- **PROVIDED DATA**:
:::::
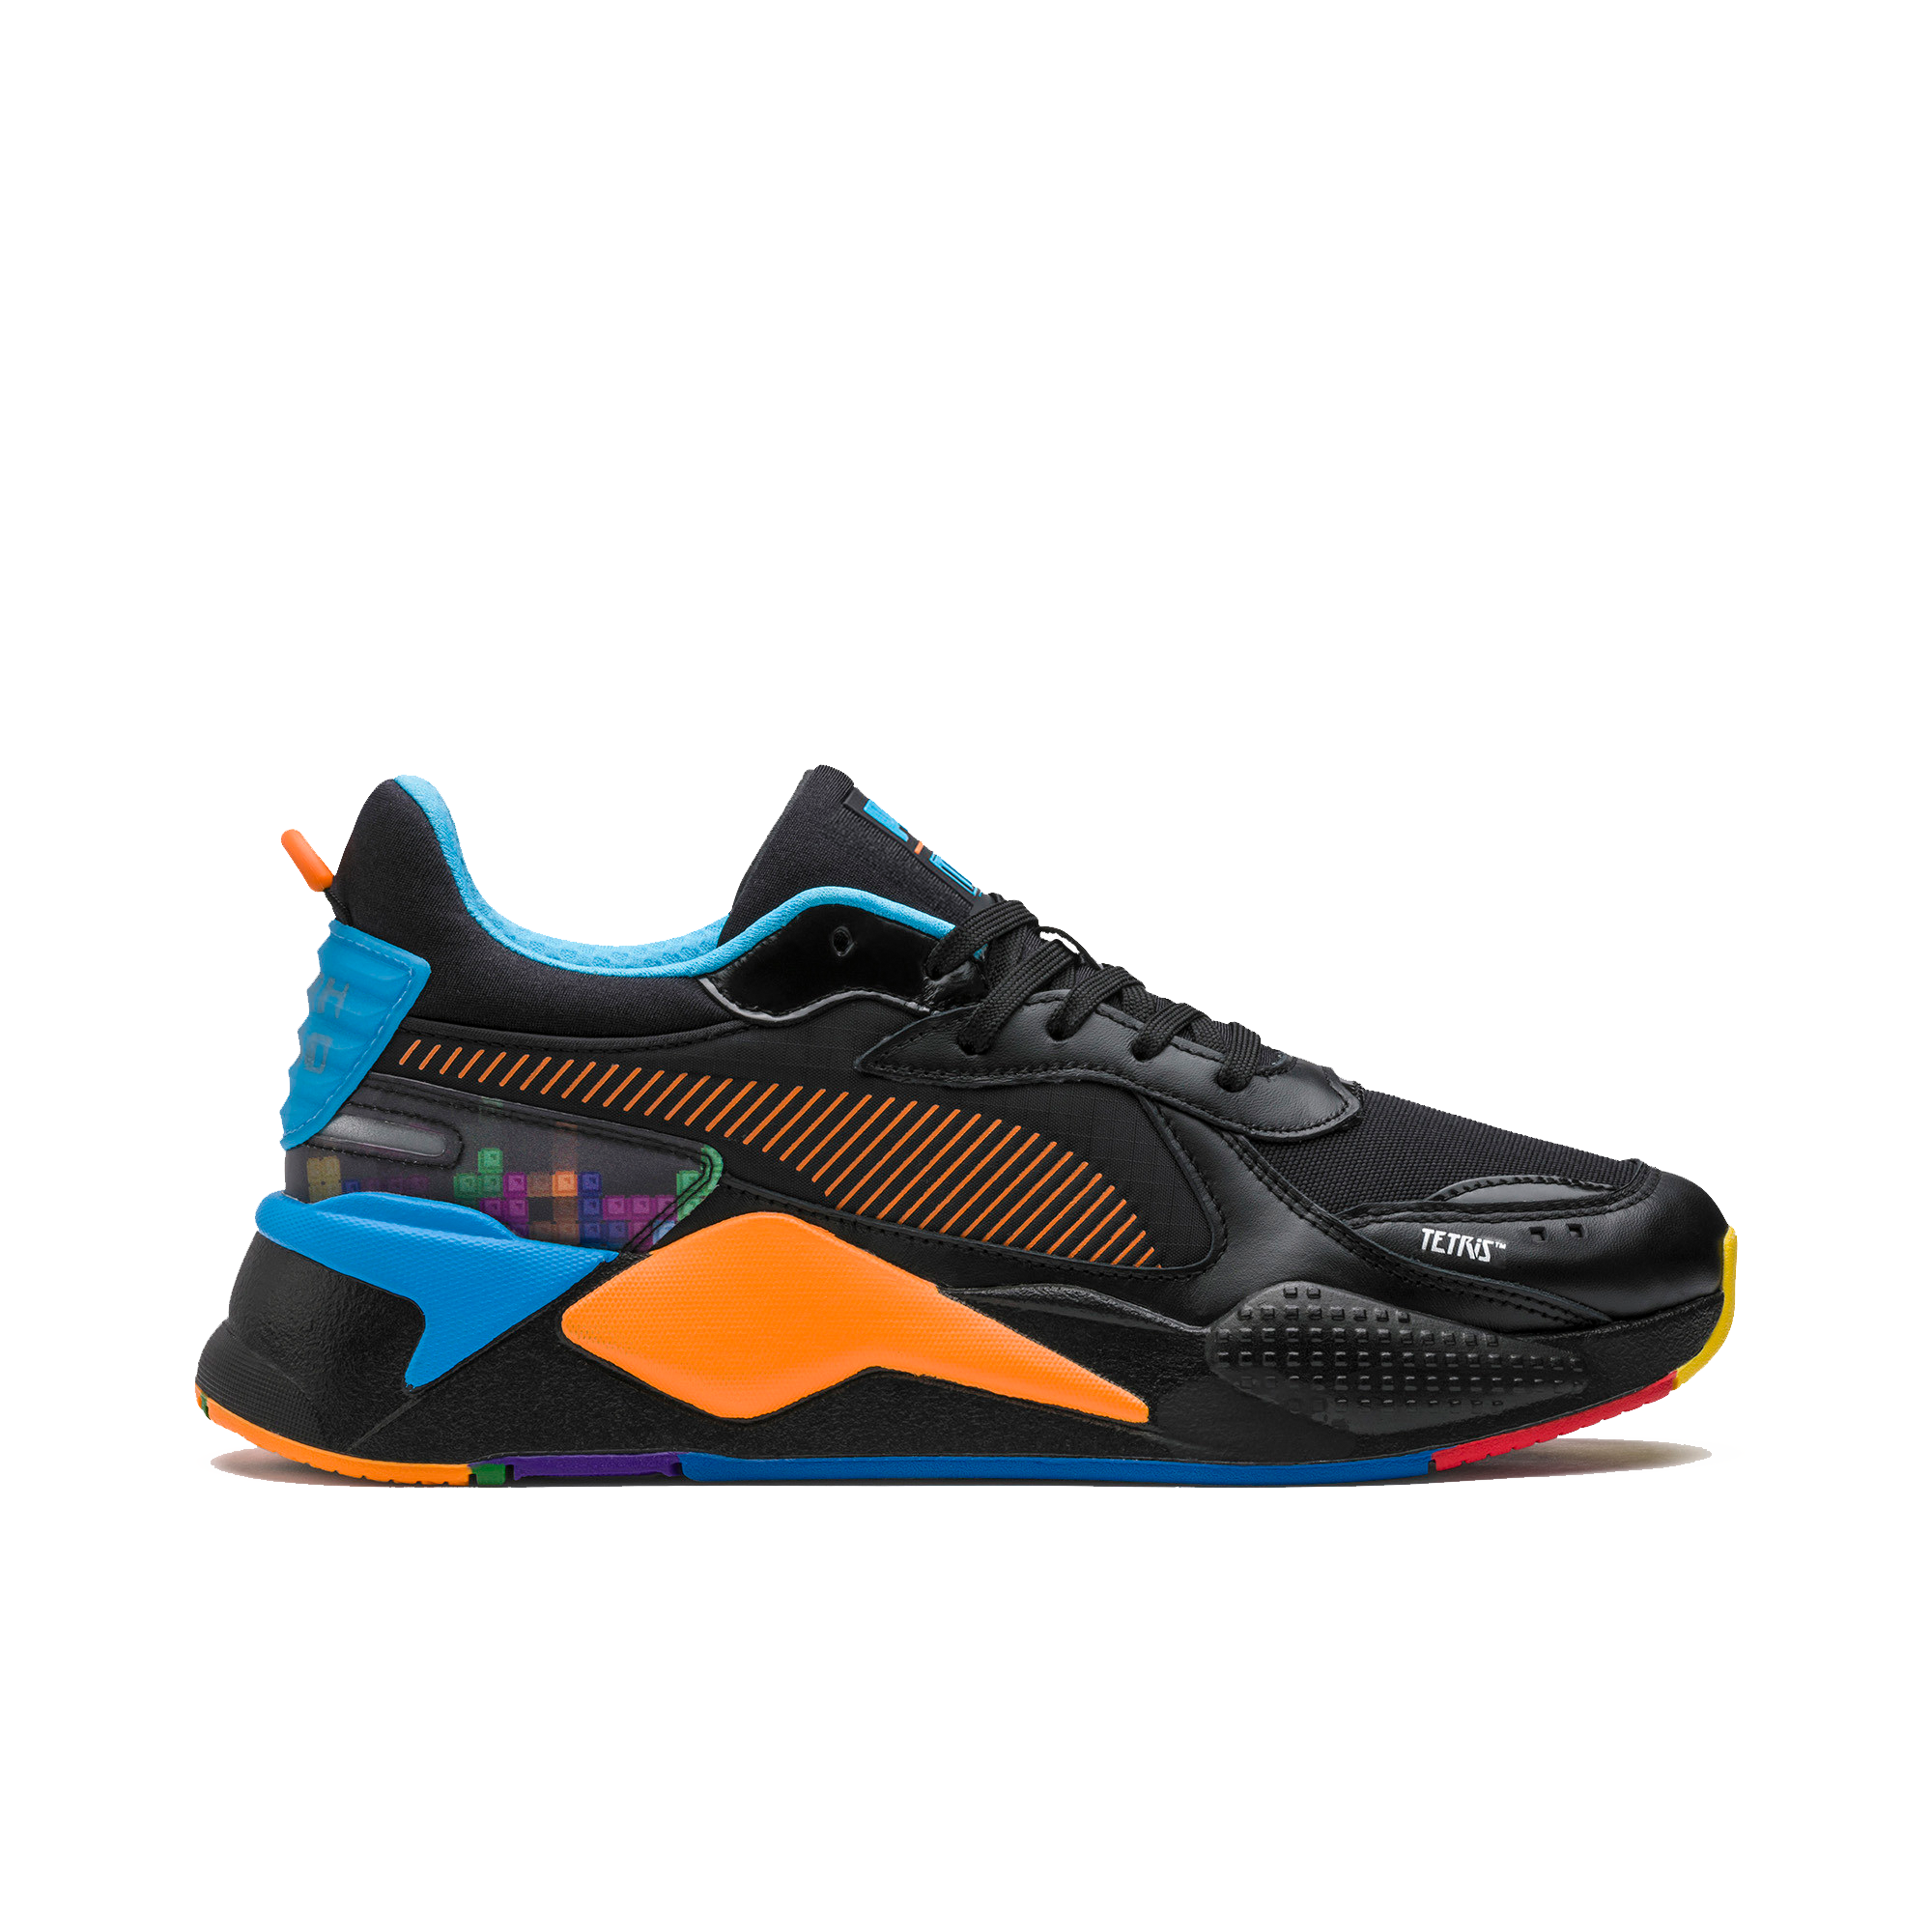 Sneakers Release: Puma x Tetris RS-X 
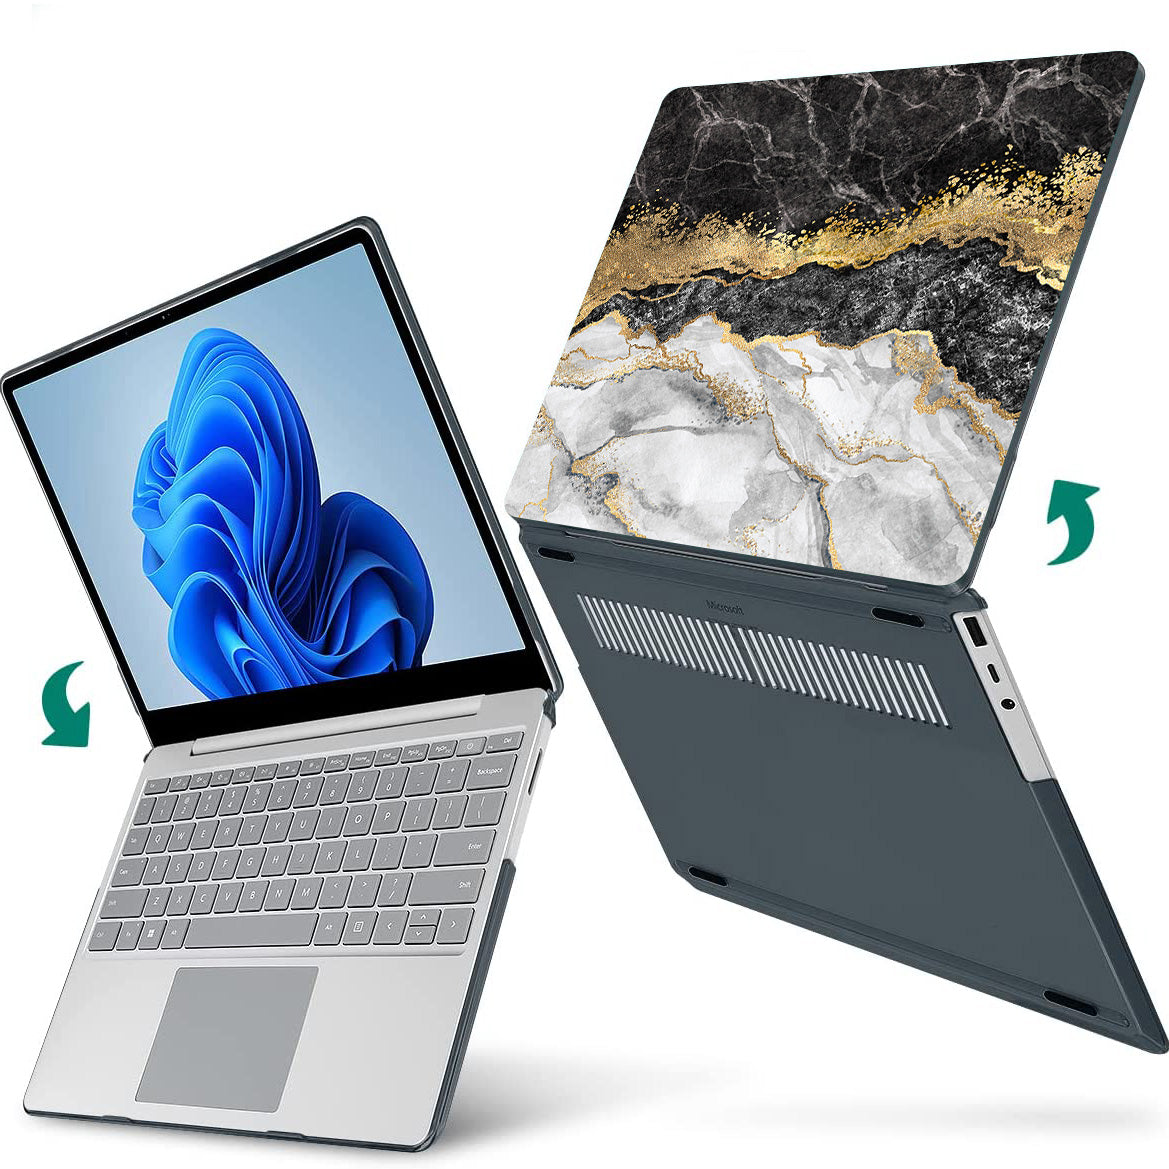 Gold River  Microsoft Surface Laptop Case
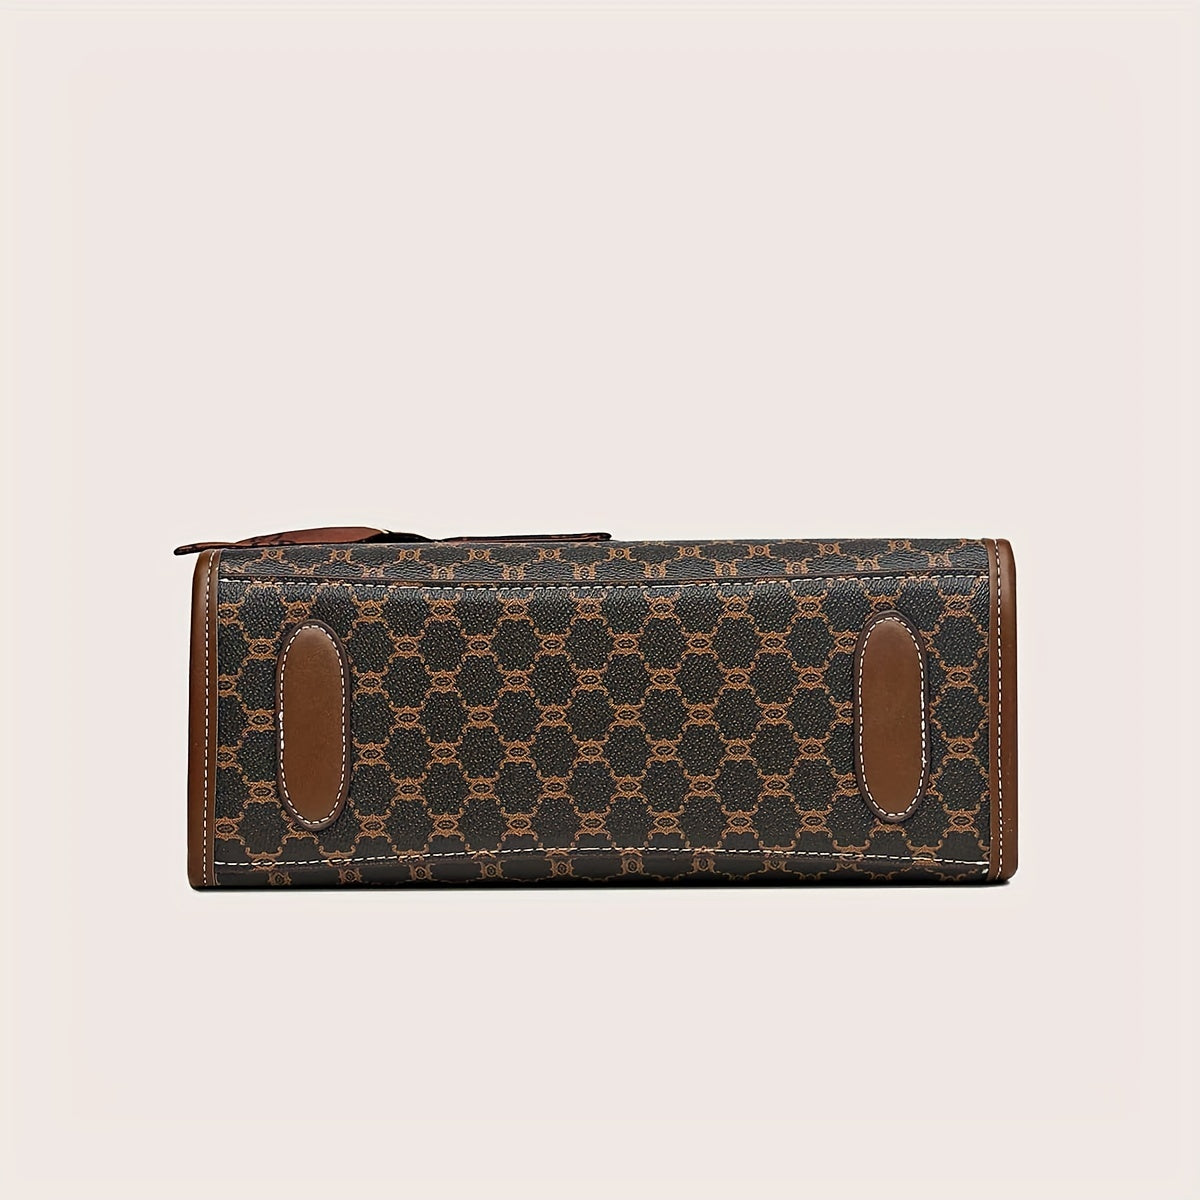 Women's 3 Pcs Classic Elegant Bag Set : Retro Geometric Pattern Tote Bag With Scarf Decor, Buckle Decor Square Purse & Credit Card Case
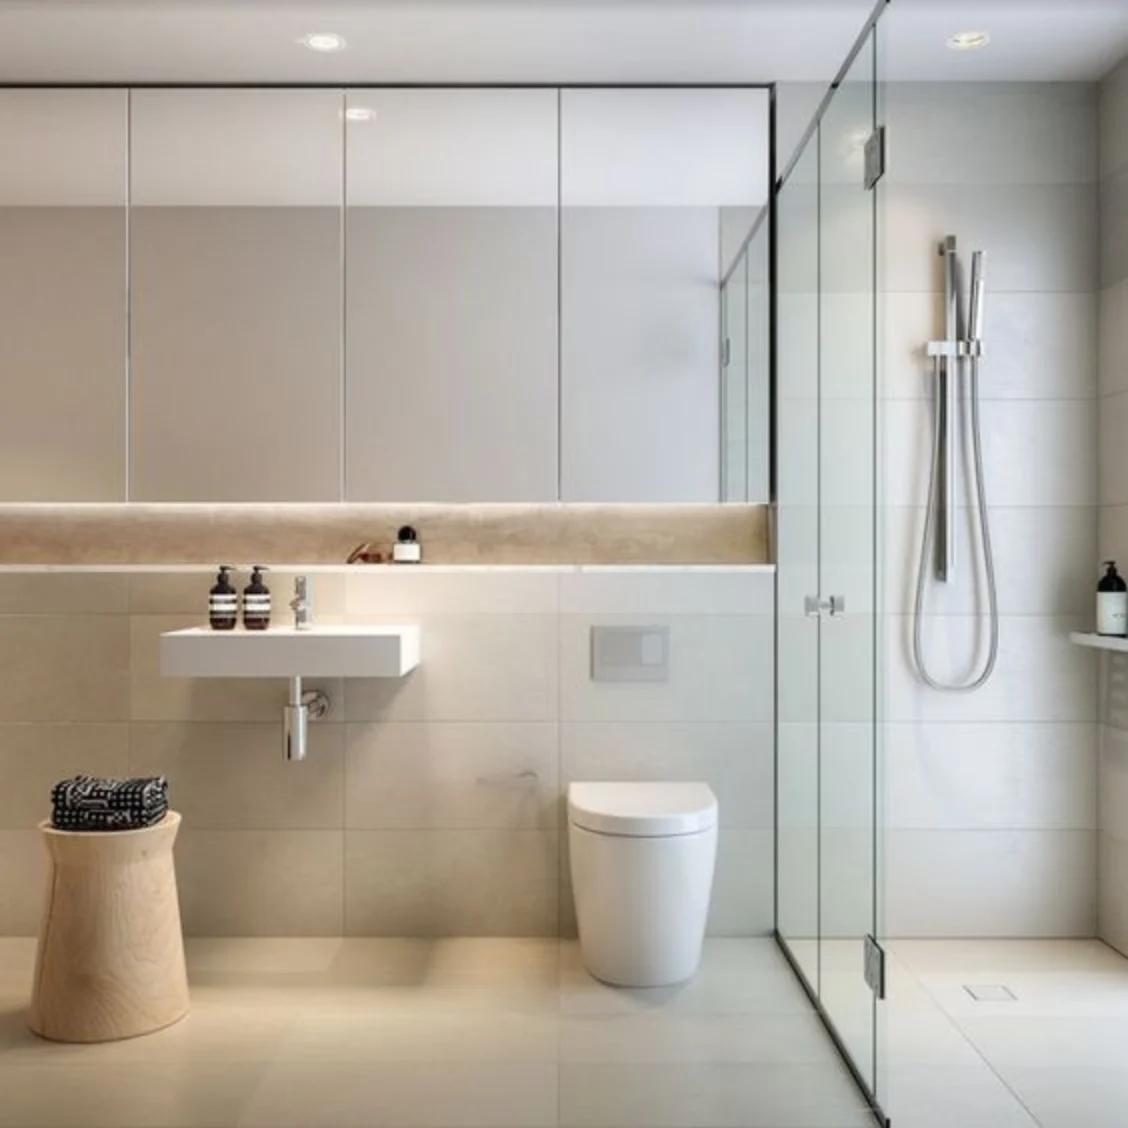 minimal-decoration-style-bathroom
:::::
- **TASK**: Give the data again exactly, without pictures.

- **TASK RESULT**:
 Sneakers Release: Puma x Tetris RS-X 
 Gold River  Microsoft Surface Laptop Case
 Women's 3 Pcs Classic Elegant Bag Set : Retro Geometric Pattern Tote Bag With Scarf Decor, Buckle Decor Square Purse & Credit Card Case
 minimal-decoration-style-bathroom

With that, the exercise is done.